Bonjour. De mon côté, je suis à même de constater la main mise des femme sur la littérature québecoise. Je suis un fan de roman d'action à la Lundlum et croyez-moi, aucun auteur québecois n'écris comme lui. J'asspire à devenir auteur de roman d'action| fiction mais comble de malheur, tout ceux qui lisent nos manuscrit sont des femmes. Des femmes ça ne comprend pas les hommes. Il n'ont pas de couilles il ne connaisse pas l'action. C'est un fait. L'exemple est les professeurs dans les écoles qui emascule les garçons. Alors lorsqu'on leur demande: Hey! avez-vous des auteur masculins qui écrive autre chose que de la poésie? Avez-vous de VRAI livre d'action à me proposé? Voici la réponse:
"Sachez que nous recevons majoritairement des manuscrits écris par des femmes et que la mince quantité de manuscrit par des hommes ne satisfait pas à nos critères de sélection, tant au niveau de l’histoire que de la qualité de la langue.
Toutefois, nous pouvons vous suggérer monsieur Roger Lafrance et son roman L’affaire Tellier de même que monsieur Luc Saint Hilaire et ses séries l’Eldnade et Les Princes de Santerre.
Wow. Je suis désolé de constater qu'ELLE me propose des livre platte d'enquête policière d'un policier déchu... très original.
Patrick, je suis un homme, qui cherche à lire des livres qui me ressemble. Un homme peux manger de la salade, mais ce n'est pas satisfesant comme de manger un bon steak patate!
Le jour où une maison d'édition sortira ses couilles pour les montrer là seulement, je commencerai à acheter québecois et non des traduction américaine.
Vraiment pas d'accord avec toi. Je pense que tu généralises et je ressens beaucoup d'amertume dans tes propos. Je pense que tu devrais justement fouiller encore plus. Tu y ferais de belles découvertes de la littérature policière d'ici.
Patrick, je ne suis pas un fan de roman Policier mais d'action. Pour moi, les roman policiers sont tous écris dans le même plan. La réponse de la maison d'édition est véridique et je te mets au défi de faire le tour des maisons d'édition et de chercher par auteur. Tu découvriras que les hommes écrives des poésies, des recettes, des livres d'introspections. À part Sénécal, qui je trouve trop "over the top" moi l'horreur, pas un gros fan.
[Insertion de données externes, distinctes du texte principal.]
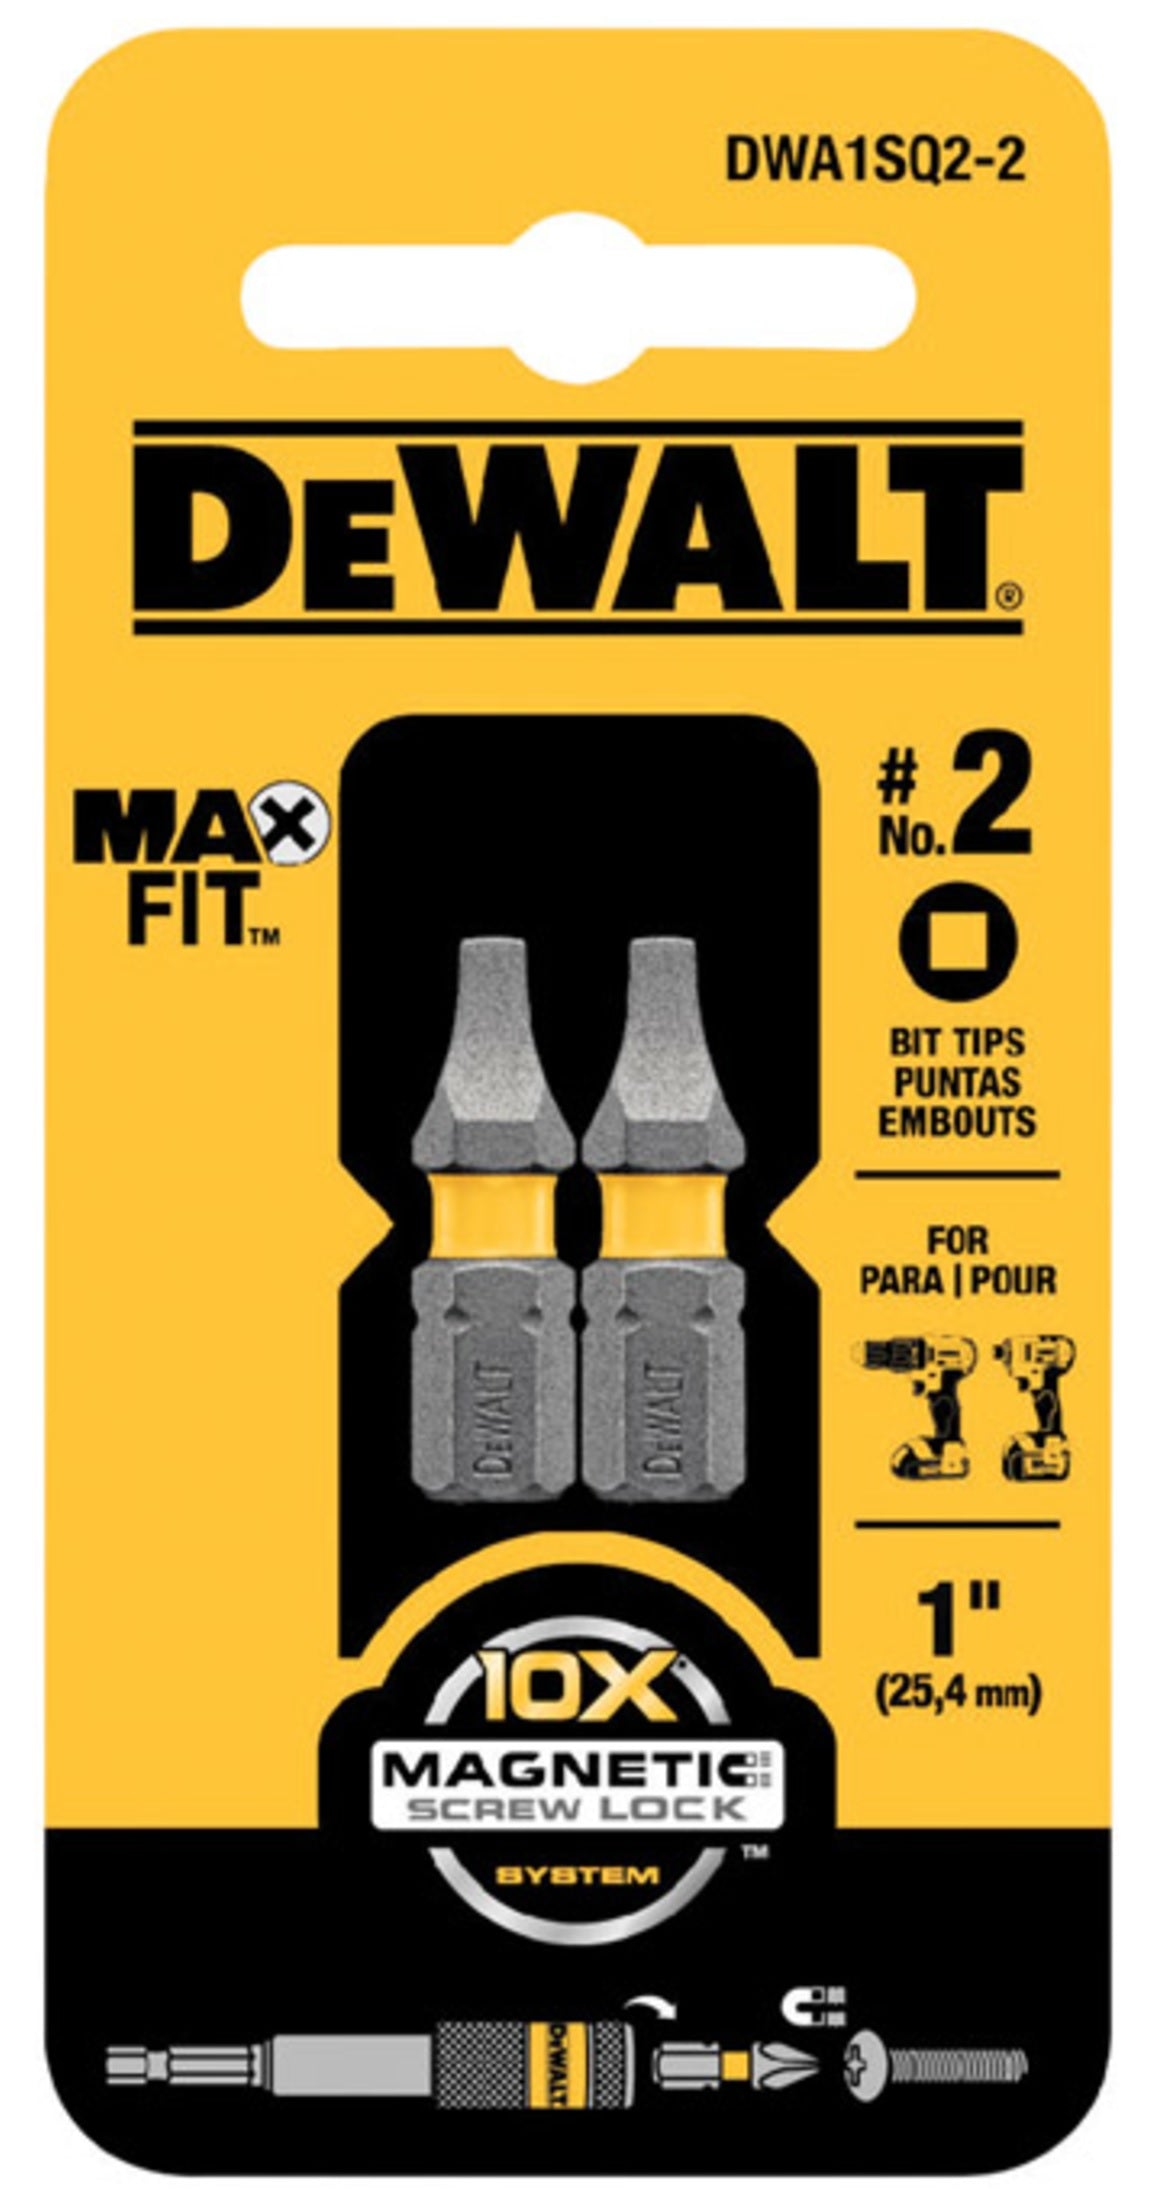 DeWalt DWA1SQ2-2 MAXFIT Square Insert Bits, #2 x 1"

Va dans les sections roman et tu vas constater que c'est 99% des femmes et lorsque c'est un homme, c'est un roman jeunesse. Oui j'ai de l'amertume. De l'amertume d'être obligé d'écrire pour des femmes. Des triangle amoureux, des hoo! et des haa! Aujourd'hui, avec la mondialisation, il est clair qu'il nous faut des auteurs qui font la une, qui on du carisme, qui on de la gueule. Tout est féminisé à un point que l'homme ne se retrouve pas dans cet univers bondée d'estrogène. Je n'ai rien contre les femmes, je dis juste qu'il doit y avoir un ratio égale d'auteur masculin féminin. Est-ce que tu connais beaucoup de fan feminine de Star trek, star wars, Bourne identity...de Tom clancy, Lundlum, Connely?
Trouves-moi 1 titre d'un bon roman d'action québecois qui n'est pas un roman policier et je l'achète et le lit.
Toute la saga des Gestionnaires de l'apocalypse de Jean-Jacques Pelletier.
extrait du plus récent bulletin de l'UNEQ:
"Parmi les faits saillants de l’enquête, mentionnons que les deux tiers des écrivains reçoivent moins de 5 000 $ de leur pratique de création littéraire, mais aussi que les écrivains consacrent en moyenne 43 % de leur temps de travail à la création littéraire. Ceux qui consacrent plus des deux tiers de leur temps de travail à l’écriture sont aussi ceux dont les revenus personnels sont les plus faibles. Il y a toutefois un petit nombre d’écrivains (30) qui tirent des revenus de création de l’ordre de 60 000 $ et plus. Notons également qu’en 2008, seulement 13 % des écrivains ont reçu 20 000 $ ou plus de leurs activités de création littéraire, alors que le revenu personnel médian au Québec en 2006 se chiffrait à 29 975 $."
Très intéressants comme chiffres. Merci.